= José Manuel Bento dos Santos =

Portuguese gastronomer, businessman, chemical engineer (born 1947)

José Manuel Bento dos Santos (born 1947) is a Portuguese cook, gastronomer, businessman, trader, metals broker, writer and chemical engineer. Bento dos Santos studied chemical-industrial engineering at the Instituto Superior Técnico (IST), Technical University of Lisbon. During his early university years he played rugby union and was also the manager of the Portugal national rugby team in 1967/1968. He started his professional career as an employee of Companhia União Fabril (CUF), the largest Portuguese business conglomerate before the Carnation Revolution in 1974. During the turmoil of the revolution, indeed a left-wing military coup, CUF was forcibly nationalized by the revolutionary government and collapsed.
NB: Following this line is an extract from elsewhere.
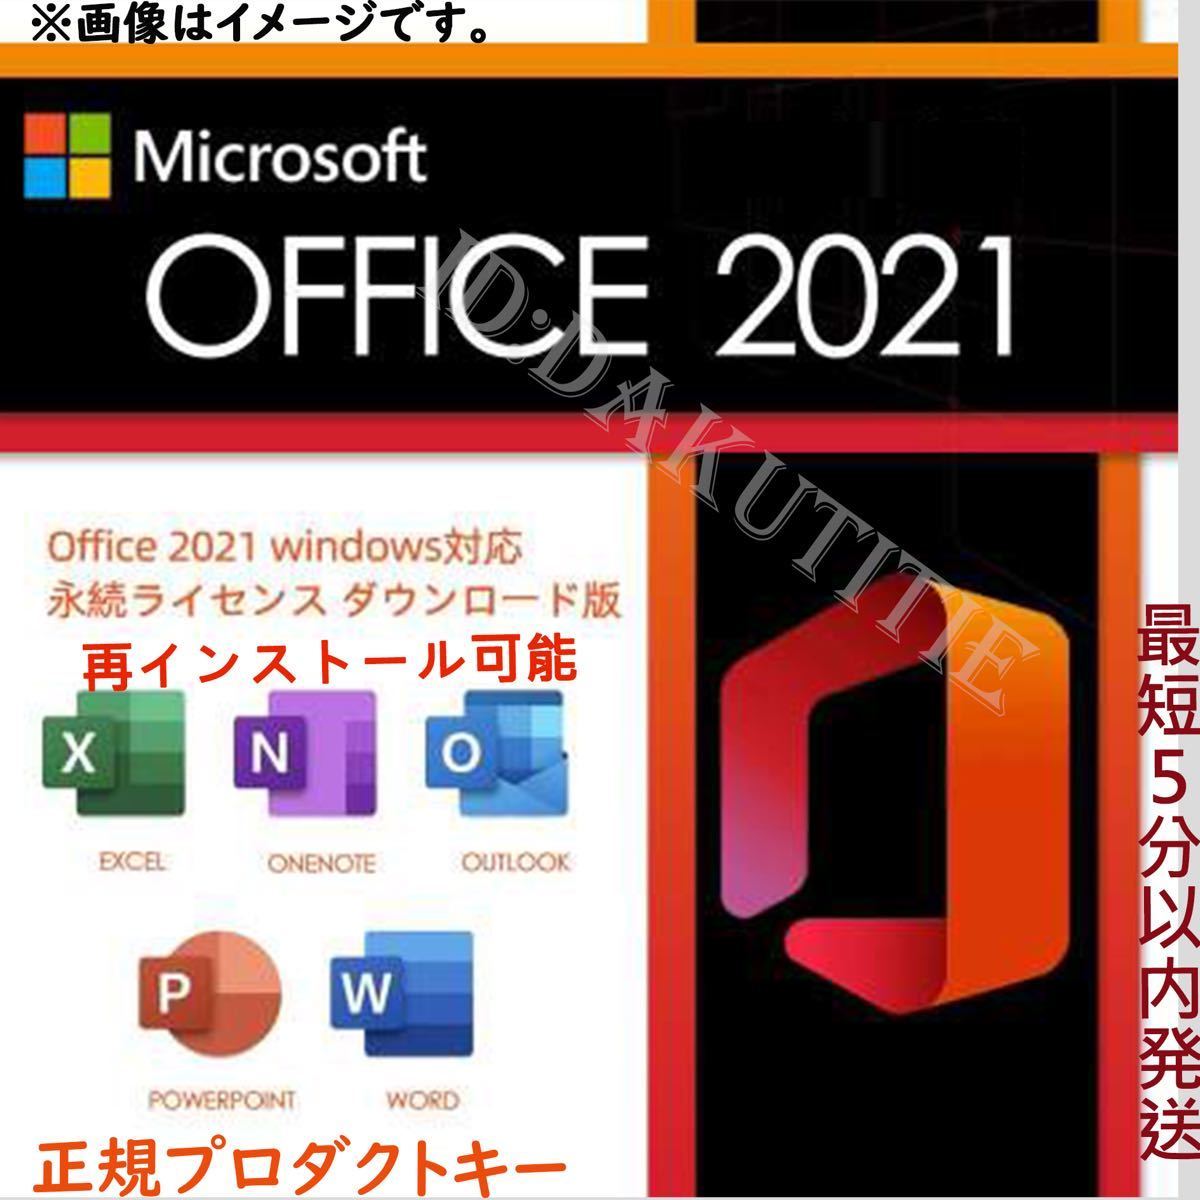 【認証保証 】Microsoft Office 2021 Professional Plus オフィス2021 プロダクトキー 正規 Word Excel 日本語版 手順書ありmの画像1

Bento dos Santos, together with other partners such as Eduardo Catroga, founded the metals brokerage and trading company Quimibro. In the late 1980s, Pedro Passos Coelho, future Prime Minister of Portugal, was invited by a cousin to work there as a collaborator. Bento dos Santos studied also economics at the Instituto Superior de Economia e Gestão of the Technical University of Lisbon, but he did not graduate. Beyond Quimibro, Bento dos Santos founded other ventures like Quinta do Monte d'Oiro, a winery. In the 2000s, Bento dos Santos became popular due to his cuisine progames O Sentido do Gosto (2007) on the Portuguese television RTP and Segredos do Vinho (SIC, 2004). He also published a book of cuisine with the title O Sentido do Gosto as well as Subtilezas Gastronómicas – receitas à volta de um vinho (Assírio & Alvim, 2005). He is affiliated with the International Gastronomy Academy, the Confrérie de la Chaîne des Rôtisseurs, the Confraria do Vinho do Porto, the Académie des Psycologues du Goût, and is a chevalier of both des Entonneurs Rabelaisiens and du Tastevin.